Pelvis justo major (also called "Giant Pelvis") is a rare condition of the adult female pelvis where the pelvis flairs above the Iliopectineal line. It is 1.5 or more times larger than an average pelvis in every direction and is at least 42 cm (16.5 inches) biiliac width. Even though this condition is classified as a congenital abnormality, it is not a medical disease or abnormality of the pelvis (as the pelvis is a true gynecoid shape, only larger).

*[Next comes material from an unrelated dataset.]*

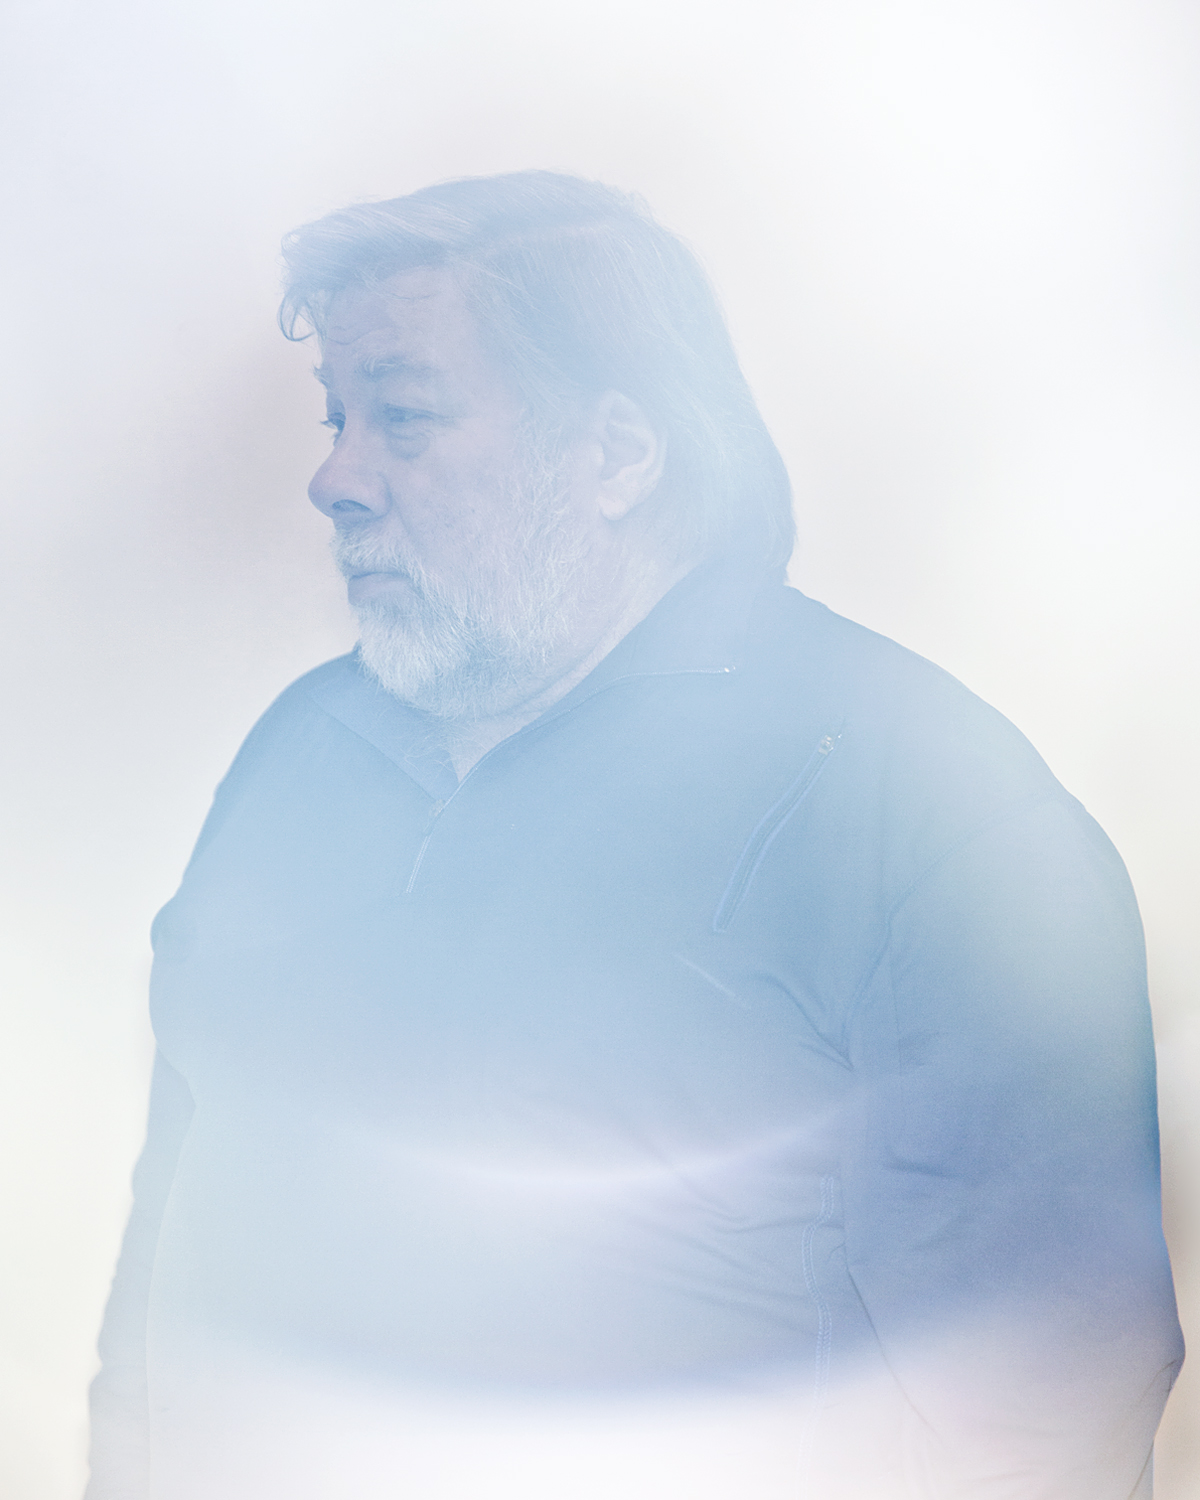  Steve Wozniak for WIRED.

Women with this condition, at the time of delivery, may have a precipitous birth. There is virtually no resistance of the huge pelvic opening to the size of a newborn so only the soft parts resist the birth. With a huge Justo Major Pelvis, there is no pelvic bone "molding" of the fetal head. With the average pelvic size (2/3 or less Justo Major size) the usual pelvic molding process slows the birth, resulting in a slow and gradual stretching of the vaginal opening for primiparous women. When a huge Justo Major Pelvis allows such an extremely rapid vaginal birth, there can be tears of the perineal soft tissues. At the time of delivery the strong uterine contractions and maternal bearing down almost instantly overwhelm the integrity of a tightened and previously unstretched vaginal orifice. This is often the case if such women have not previously practiced vaginal stretching to the degree that allows such an instant birthing, especially so for a primiparous woman. This "instant delivery" problem causes many OBGYN doctors to stress the importance of women with a huge pelvis practicing pre-delivery vaginal stretching to avoid perineal injury.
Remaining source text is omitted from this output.